Jacob’s family life is almost continual strife. As great Jacob became, he will see him transform before our eyes in the weeks to come. From a scheming manipulator to a humbled man, Jacob transforms by the grace of God. Fresh off seeing a vision of angels ascending and descending a stairway from heaven, Jacob returns back to the land of his grandfather, Abraham. Fleeing for his life, he finds love. But we are seeing a work in progress and God is going to use the school of suffering to humble Jacob.
Today’s Scripture
“Then Laban said to Jacob, “Because you are my kinsman, should you therefore serve me for nothing? Tell me, what shall your wages be?” Now Laban had two daughters. The name of the older was Leah, and the name of the younger was Rachel. Leah’s eyes were weak, but Rachel was beautiful in form and appearance. Jacob loved Rachel. And he said, “I will serve you seven years for your younger daughter Rachel.” Laban said, “It is better that I give her to you than that I should give her to any other man; stay with me.” So Jacob served seven years for Rachel, and they seemed to him but a few days because of the love he had for her. Then Jacob said to Laban, “Give me my wife that I may go in to her, for my time is completed.” So Laban gathered together all the people of the place and made a feast. But in the evening he took his daughter Leah and brought her to Jacob, and he went in to her. (Laban gave his female servant Zilpah to his daughter Leah to be her servant.) And in the morning, behold, it was Leah! And Jacob said to Laban, “What is this you have done to me? Did I not serve with you for Rachel? Why then have you deceived me?” Laban said, “It is not so done in our country, to give the younger before the firstborn. Complete the week of this one, and we will give you the other also in return for serving me another seven years.” Jacob did so, and completed her week. Then Laban gave him his daughter Rachel to be his wife. (Laban gave his female servant Bilhah to his daughter Rachel to be her servant.) So Jacob went in to Rachel also, and he loved Rachel more than Leah, and served Laban for another seven years. When the LORD saw that Leah was hated, he opened her womb, but Rachel was barren. And Leah conceived and bore a son, and she called his name Reuben, for she said, “Because the LORD has looked upon my affliction; for now my husband will love me.” She conceived again and bore a son, and said, “Because the LORD has heard that I am hated, he has given me this son also.” And she called his name Simeon. Again she conceived and bore a son, and said, “Now this time my husband will be attached to me, because I have borne him three sons.” Therefore his name was called Levi. And she conceived again and bore a son, and said, “This time I will praise the LORD.” Therefore she called his name Judah. Then she ceased bearing.” (Genesis 29:15–35)
The book of Genesis hovers over this family because this is the one family that God has chosen to change all humanity through.

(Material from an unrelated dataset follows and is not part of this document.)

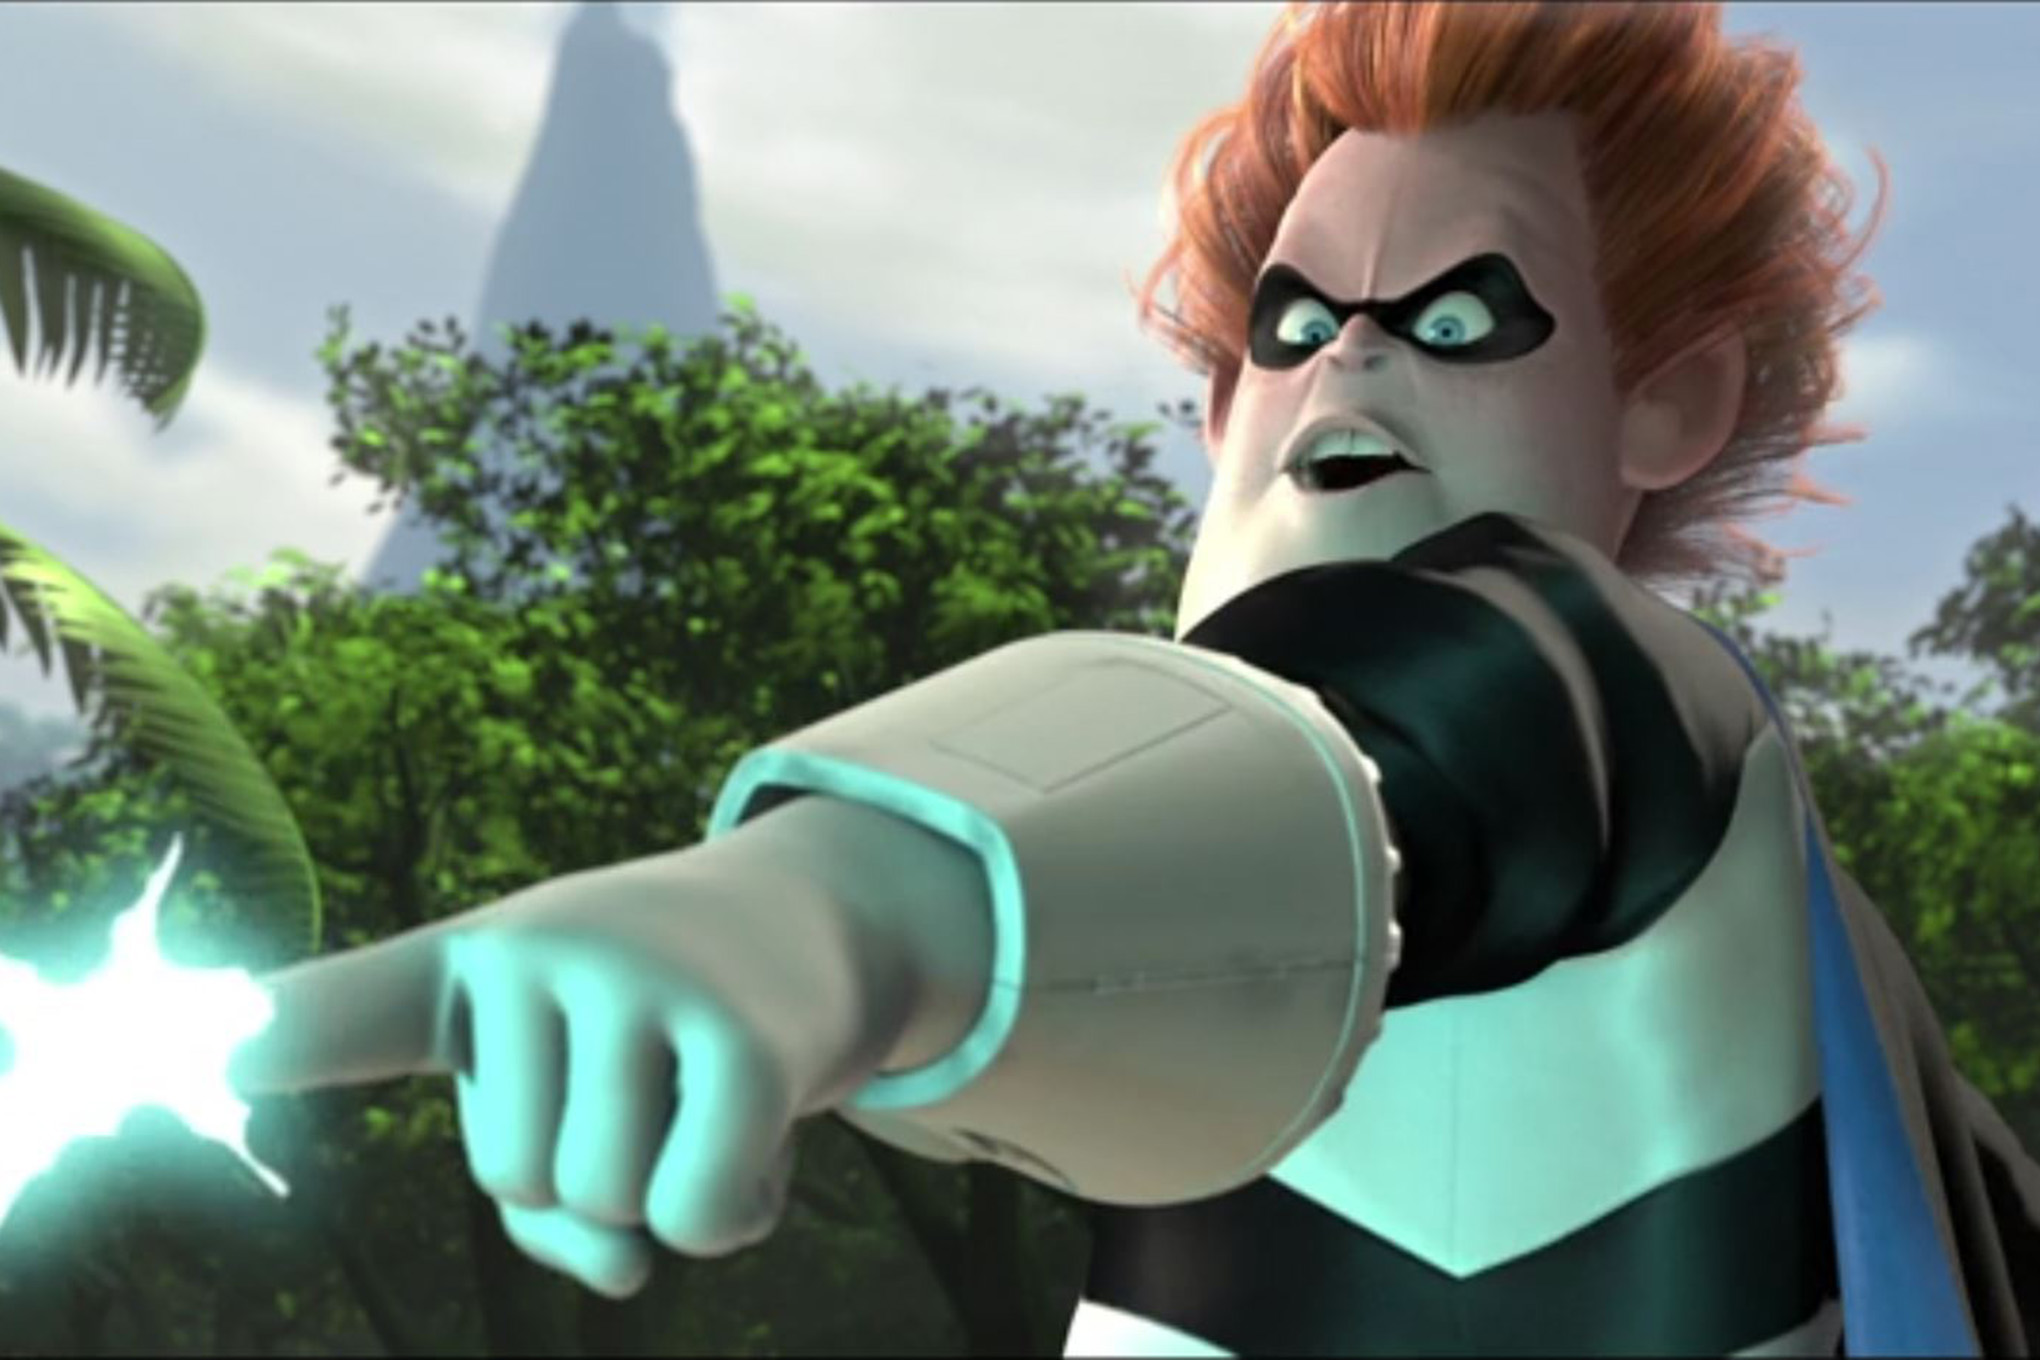 Syndrome shoots a bolt of energy in The Incredibles.

The first part of Genesis teaches how humanity spirals downward. But as you approach Genesis 12, the remainder of the book focuses on this family. God pours out tremendous blessing on this family. This family is the hope of the world.
There is a lot here and I won’t be able to touch on everything. This is the first time Jacob is away from home. Jacob spend twenty years working for his cheating uncle Laban – fourteen years for marry the love of his life and another six years to obtain a flock (Genesis 31:41).

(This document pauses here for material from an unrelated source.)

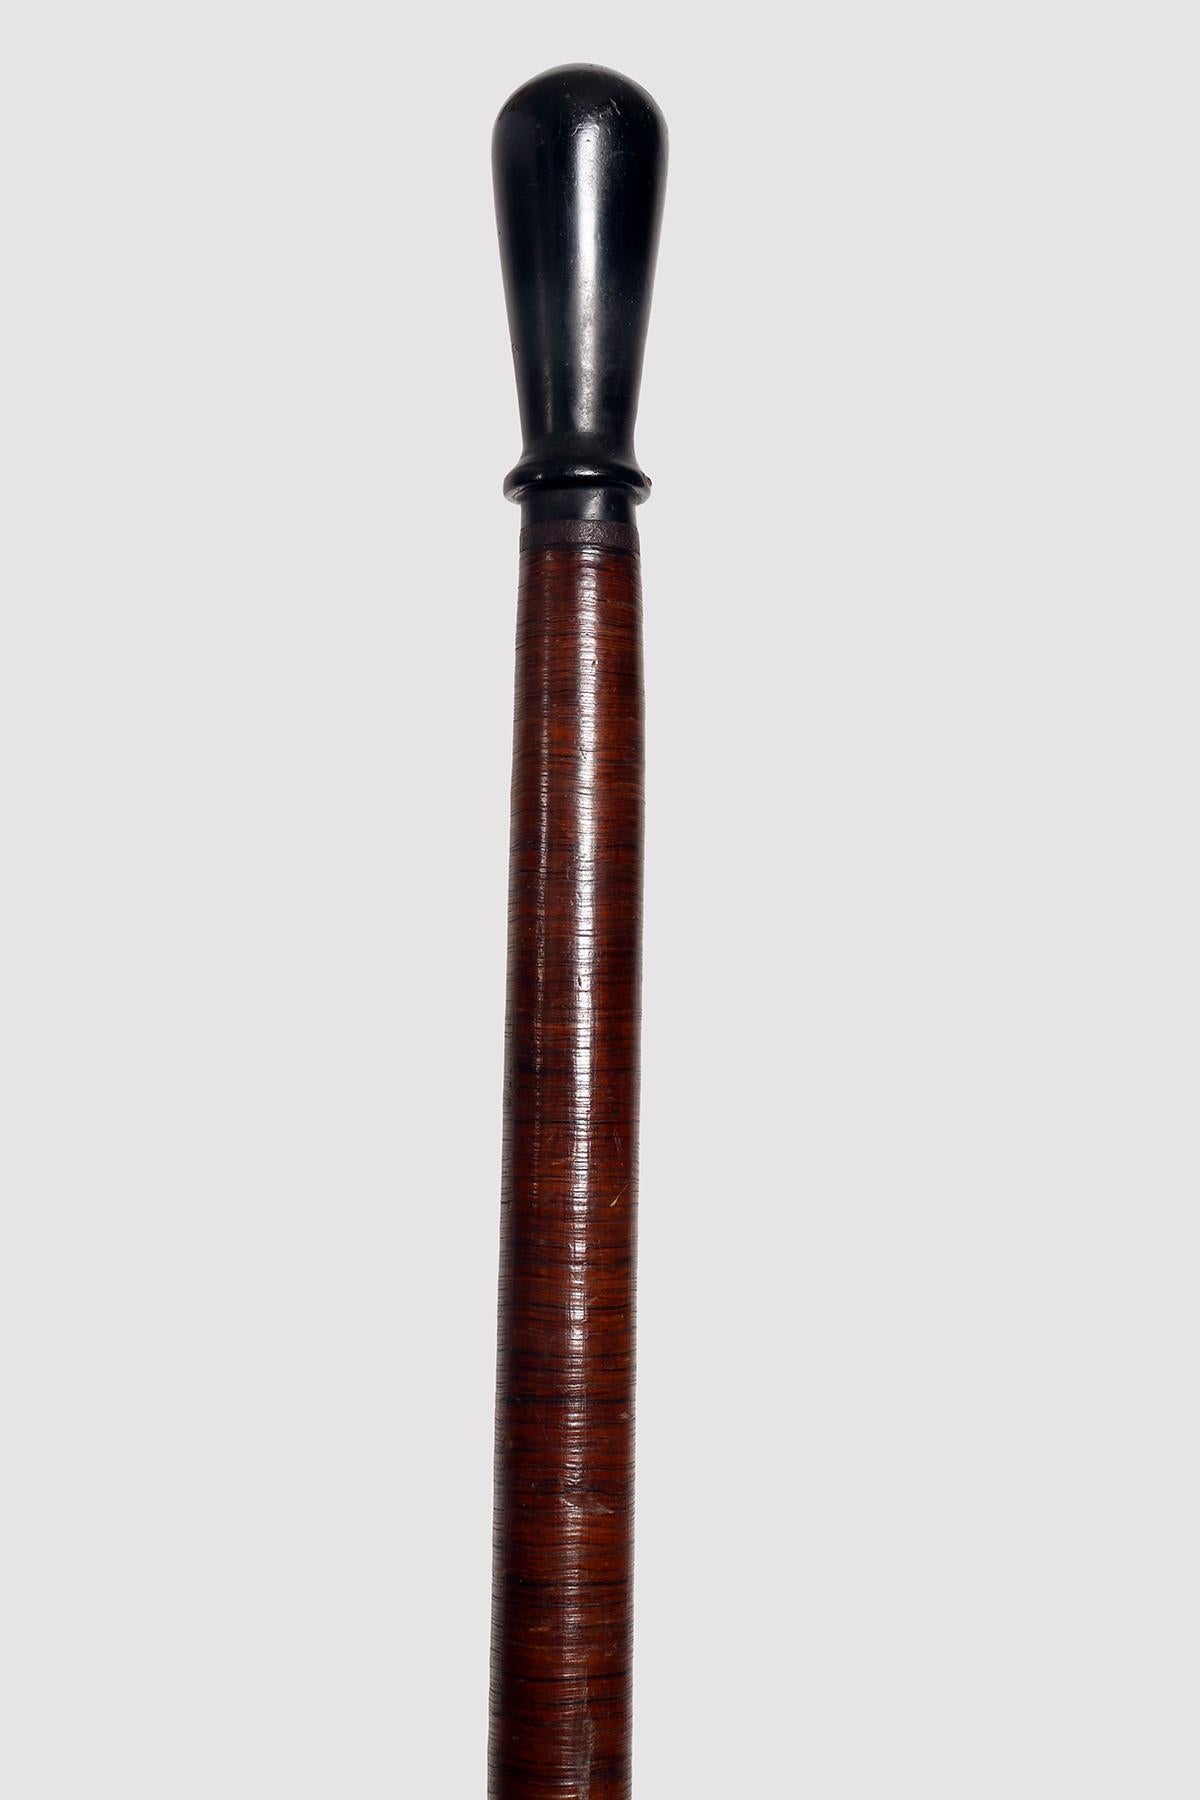 Folk art walking stick: stick with metal tip, the shaft made from an iron core in which leather discs are inserted, with a progressive diameter up to the handle. The cane is polished and waxed. The handle is connected by an iron ring, and is made of

If you think running a crossing pattern is tough and being “lit-up” by a lurking safety, you’ve never been married to two scheming sisters. Remember these words of wisdom: “It is better to live in a corner of the housetop than in a house shared with a quarrelsome wife” (Proverbs 21:9). If you were to place a steel guitar in the hands of Jacob, he would have pioneered Country and Western long before anyone founded Nashville. Long before George Straight and George Jones, Jacob feels the pain. Did you hear the one where Jacob and George Straight got together? You know George Straight’s “All my ex’es live in Texas,” right? Jacob says to George, “If only my mates had lived in different states then I wouldn’t have hives just thinking about my wives. I’ve learned that brides will always take different sides and that’s why your house should have only one spouse.”
1. Love at First Sight
This is one of the few love stories of the book of Genesis. Now, most of the marriages of this era were arranged marriages. So Jacob and Rachel’s meeting up is really unique. I didn’t read the account but earlier we witness Jacob move a stone that took remarkable strength. It was a superhuman feat for the stone was so heavy that it normally took many man to move it. Shepherds would often wait at the well in order for a group of them to show up. One look at the shepherdess Rachel and Jacob moves the stone all by himself. Yes, it was love at first sight. Do you remember when you first saw her (him)? My wife, Traci and I talk about it all the time – I would wear the same sweater because it was the only thing I kept back at my parents house (all my other clothes were at the dorm back in college). Yes, Jacob had made a superb entry.
1.1 Generational Echo
It is noteworthy to call your attention to the place where Jacob meets Rachel. This is the very same place where his grandfather’s servant found his mother. By meeting his future wife at the well, Genesis wants you to hear “Generational Echo,” or the “how” behind his father and mother coming together. You should note where Jacob happens to find a wife as well – the very place where his mother was found by his grandfather. Unlike his brother, Esau, he is choosing his life partner with some consideration and care.
1.2 Strife
Yet, just before their love story heats up, Jacob experiences sibling rivalry all over again, only now it’s through his wives. “So Jacob went in to Rachel also, and he loved Rachel more than Leah, and served Laban for another seven years” (Genesis 29:30). Just as he grasped the heels of old brother Esau, now he’s married to two sisters who will play “monkey in the middle” with their husband in the years to come. Leah, the older and unwanted sister, and Rachel, the beautiful and desired wife.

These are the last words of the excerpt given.